There is no Fault #926.

There is a 924, and it means that some task embedded inside of your drive's programming has stalled and is consuming all of the system resources in the drive. Typically that is something that someone tried to do that did not work, but they forgot to remove it in programming, or something that is waiting for an interrupt signal from elsewhere that never gets there, maybe even from another component inside the drive. You need to get Tech Support involved, it's a fairly serious fault if left unattended.

If it truly is showing 926, then it is so serious that even Tech Support may not be able to help you and the drive may need to be replaced.


----------



## varmit (Apr 19, 2009)

Fault 926 is listed as an "Ethernet fault". Check your Ethernet connections. Is the Ethernet routed near any power wiring for long distances? This can be a drive interface card problem- but not likely in two drives. A "cave man reset" (cycling the power) is the only way to reset this.


----------



## JRaef (Mar 23, 2009)

varmit said:


> Fault 926 is listed as an "Ethernet fault". Check your Ethernet connections. Is the Ethernet routed near any power wiring for long distances? This can be a drive interface card problem- but not likely in two drives. A "cave man reset" (cycling the power) is the only way to reset this.

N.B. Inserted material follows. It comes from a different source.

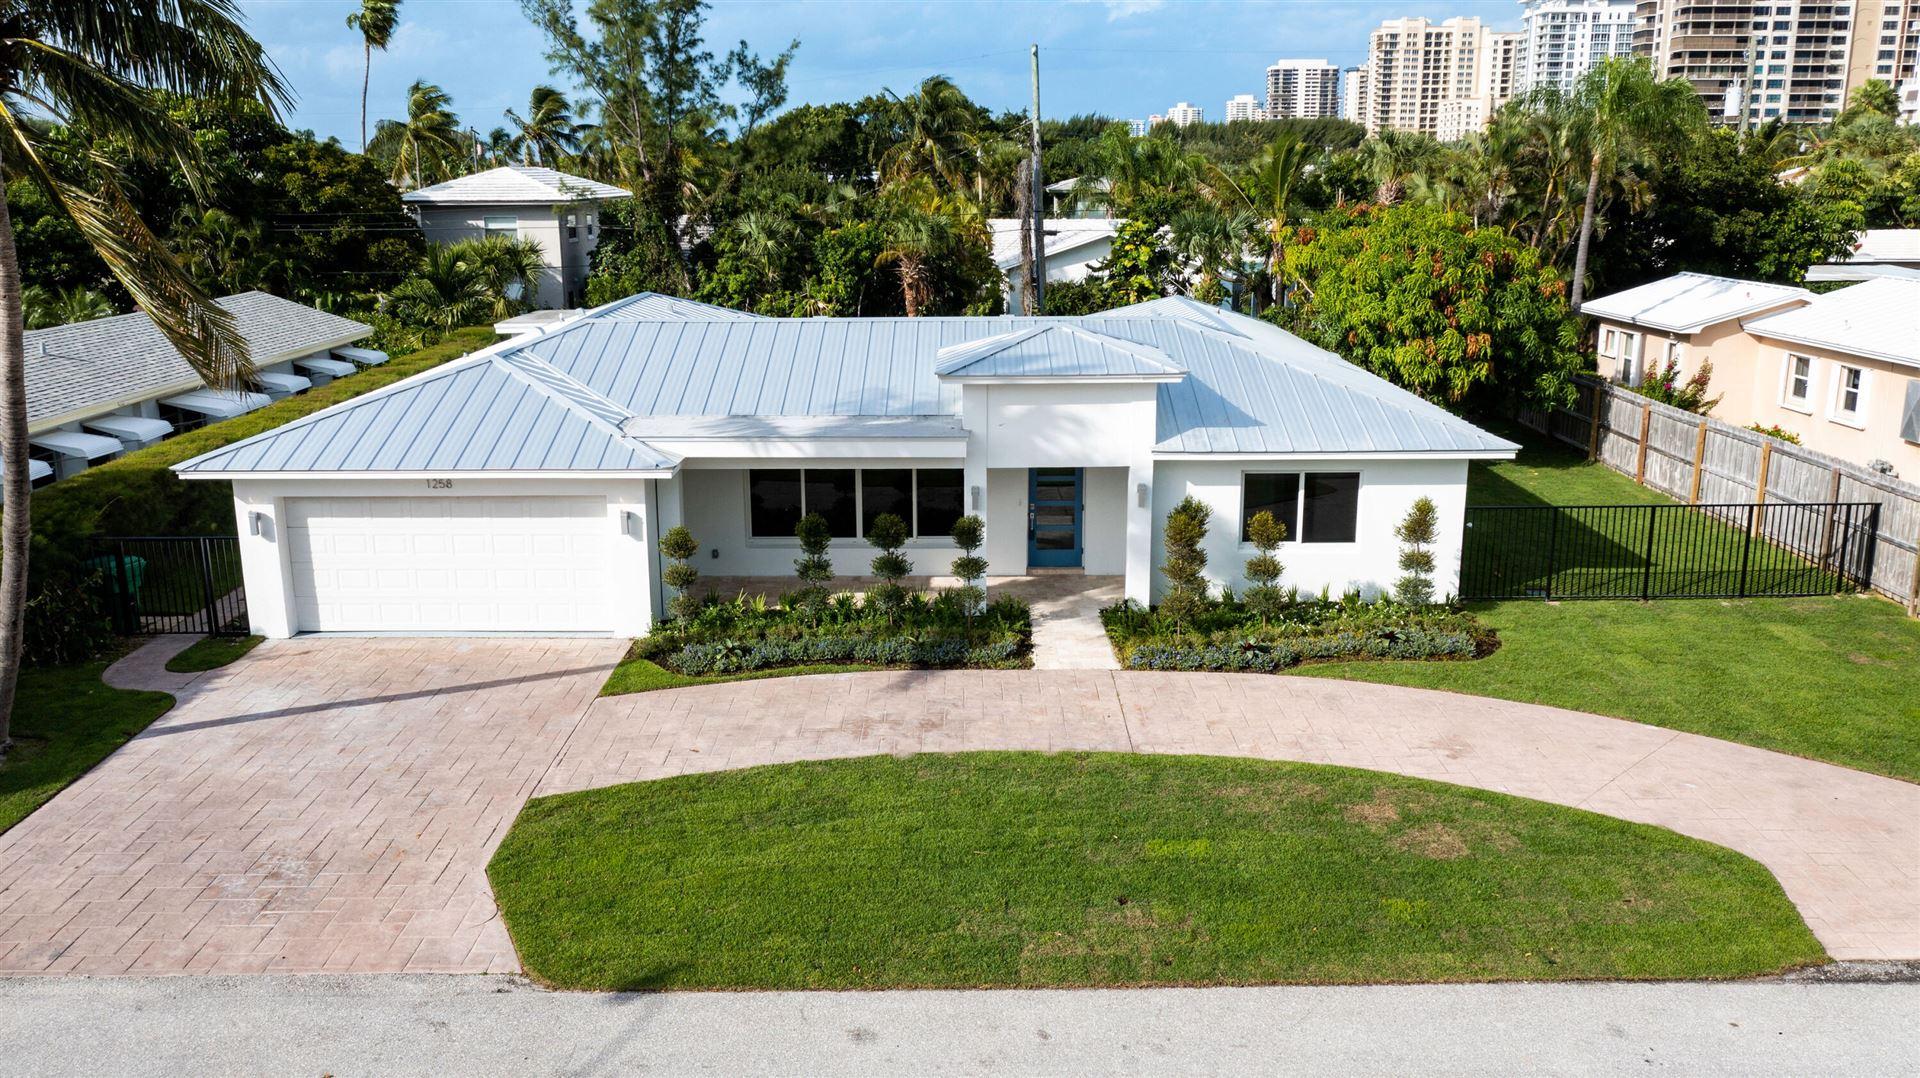 Photo of 1258 Yacht Harbor Drive, Riviera Beach, FL 33404 (MLS # RX-10746711)

Ah, good catch, my manual is out of date. Thanks for correcting me, made me check...

The 755 has on-board Ethernet, so no separate interface card. All of the 9XX faults are "task" based faults, kind of like watchdog time outs or stack oveflows. So something about your Ethernet communication is hogging the drive system resources, causing the mP to become over worked and it is interfering with the other stuff it needs to get done.

A lot of Ethernet problems end up being field made connectors or cable issues. One big one I see is that people buy office grade Ethernet cable because it's cheaper, not thinking that office equipment doesn't have to contend with 480V wiring nearby...


----------